Теперь вода доходила ему до плеч, теперь до шеи, а он все пробивался вперед все дальше в озеро… и тут он еще раз вынырнул на поверхность, вырос, наверное, из-за приподнятости грунта, еще раз из воды по плечи… и двинулся дальше, не останавливаясь даже теперь и снова погружаясь все глубже, по шею, по горло, по подбородок… и только сейчас я начал смутно догадываться, что происходило у меня на глазах, но я не тронулся с места, не закричал: «Господин Зоммер! Стойте! Назад!» – и не бросился бежать за помощью, и не стал высматривать спасательную лодку, плот, надувной матрац, я даже ни на миг не отвел глаза от маленькой точки головы, уходившей под воду там, далеко в озере.
А потом вдруг он пропал. Только соломенная шляпа осталась лежать на воде. И спустя чудовищно долгое время, может полминуты, может целую минуту, на воде взбухло несколько больших пузырей, потом больше ничего.
Только еще эта смешная шляпа, которую теперь очень медленно относило к юго-западу. Я смотрел ей вслед долго, пока она не исчезла в сумеречной дали.

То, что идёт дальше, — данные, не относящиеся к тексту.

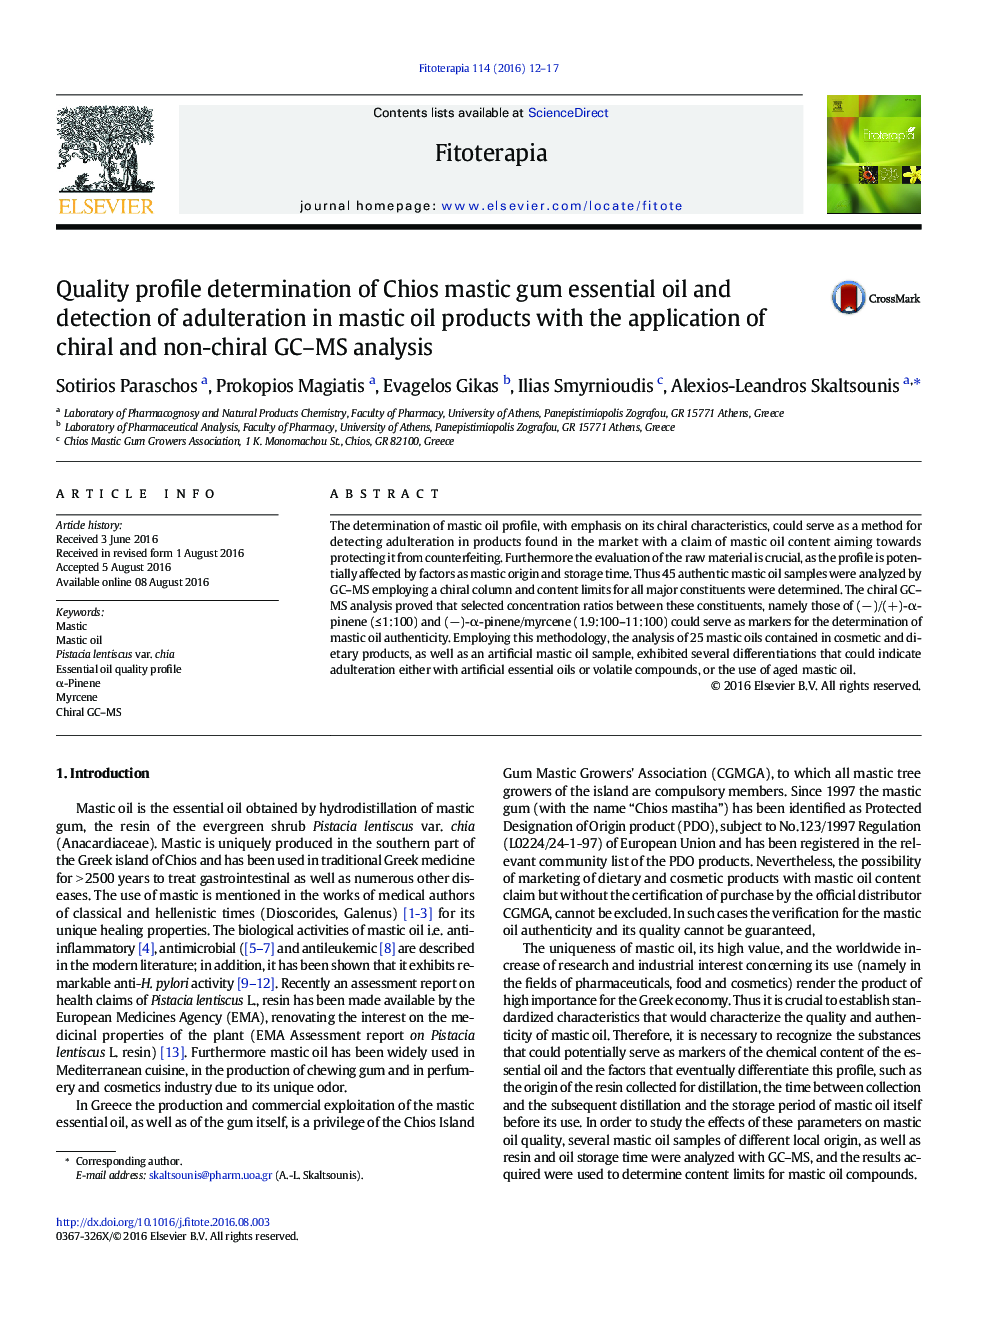 Quality profile determination of Chios mastic gum essential oil and detection of adulteration in mastic oil products with the application of chiral and non-chiral GC–MS analysis

Прошло две недели, пока кто-то вообще заметил исчезновение господина Зоммера. А заметила это первой жена рыбака Ридля, обеспокоенная задержкой квартирной платы за свой чердак. После того как господин Зоммер через две недели так и не появился, она обсудила это обстоятельство с госпожой Штангльмайер, а госпожа Штангльмайер обсудила его с госпожой Хирт, которая в свою очередь опросила своих покупателей. Поскольку, однако, господина Зоммера никто не видел и не мог ничего сообщить о его местопребывании, рыбак Ридль еще через две недели решился заявить о его исчезновении в полицию, а еще через несколько недель в местной газете появилось маленькое объявление о розыске со старой-престарой фотографией на паспорт, на которой господина Зоммера не узнал бы никто на свете, ведь на ней был изображен молодой человек с еще пышной черной шевелюрой, проницательным взглядом и уверенной, почти дерзкой улыбкой на губах. А под фотографией можно было впервые прочесть полное имя господина Зоммера: Максимилиан Эрнст Эгидиус Зоммер.

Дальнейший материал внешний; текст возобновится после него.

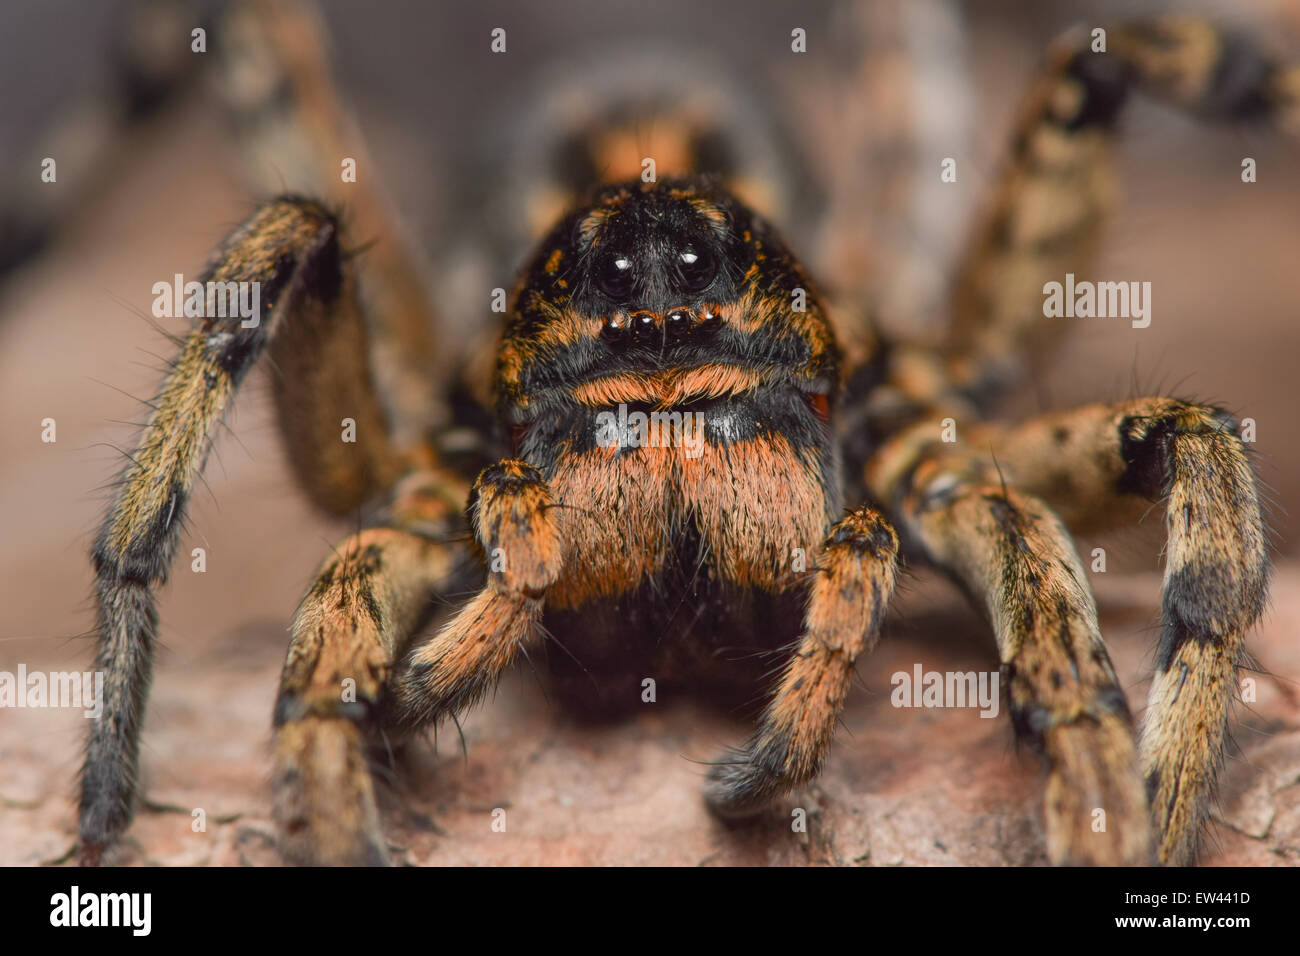 Wolf spider, front view Stock Photo

Некоторое время господин Зоммер и его таинственное исчезновение было темой деревенских пересудов. «Он совершенно спятил, – говорили некоторые, – наверное, заблудился и не может найти дорогу домой. Может быть, он уж и забыл, как его зовут и где он живет».
«Возможно, он эмигрировал, – говорили другие, – в Канаду или в Австралию, видно, ему с его клаустрофобией стало тесно у нас в Европе».

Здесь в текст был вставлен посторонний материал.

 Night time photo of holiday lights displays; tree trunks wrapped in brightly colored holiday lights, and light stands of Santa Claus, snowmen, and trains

«Он заблудился в горах, упал в пропасть и разбился», – говорили третьи.
На озеро никто не пришел. И прежде чем успела пожелтеть газетная бумага, господина Зоммера забыли. Ведь по нему и так никто не горевал. Госпожа Ридль отнесла его пожитки в подвал и сложила в углу, а комнату на чердаке с тех пор сдавала дачникам. Она, правда, не говорила «дачники», ей это слово казалось странным. Она говорила «городские» или «туристы».
А я молчал. Я не сказал ни слова. Уже в тот вечер, когда я со значительным опозданием явился домой и был вынужден выслушать лекцию о разлагающем влиянии телевидения, я не сказал ни слова о том, что знал. Не сказал и позже. Ни сестре, ни брату, ни даже Корнелиусу Михелю не проговорился ни единым словечком.
Не знаю, что заставило меня так упорно и так долго молчать… но думаю, что не страх, и не чувство вины, и не угрызения совести.
Меня удержало воспоминание о его стоне в лесу, о его дрожащих губах под дождем, о его мольбе: «Ах, да оставьте же меня наконец в покое!» – то самое воспоминание, которое заставило меня промолчать при виде господина Зоммера, погружающегося в воду.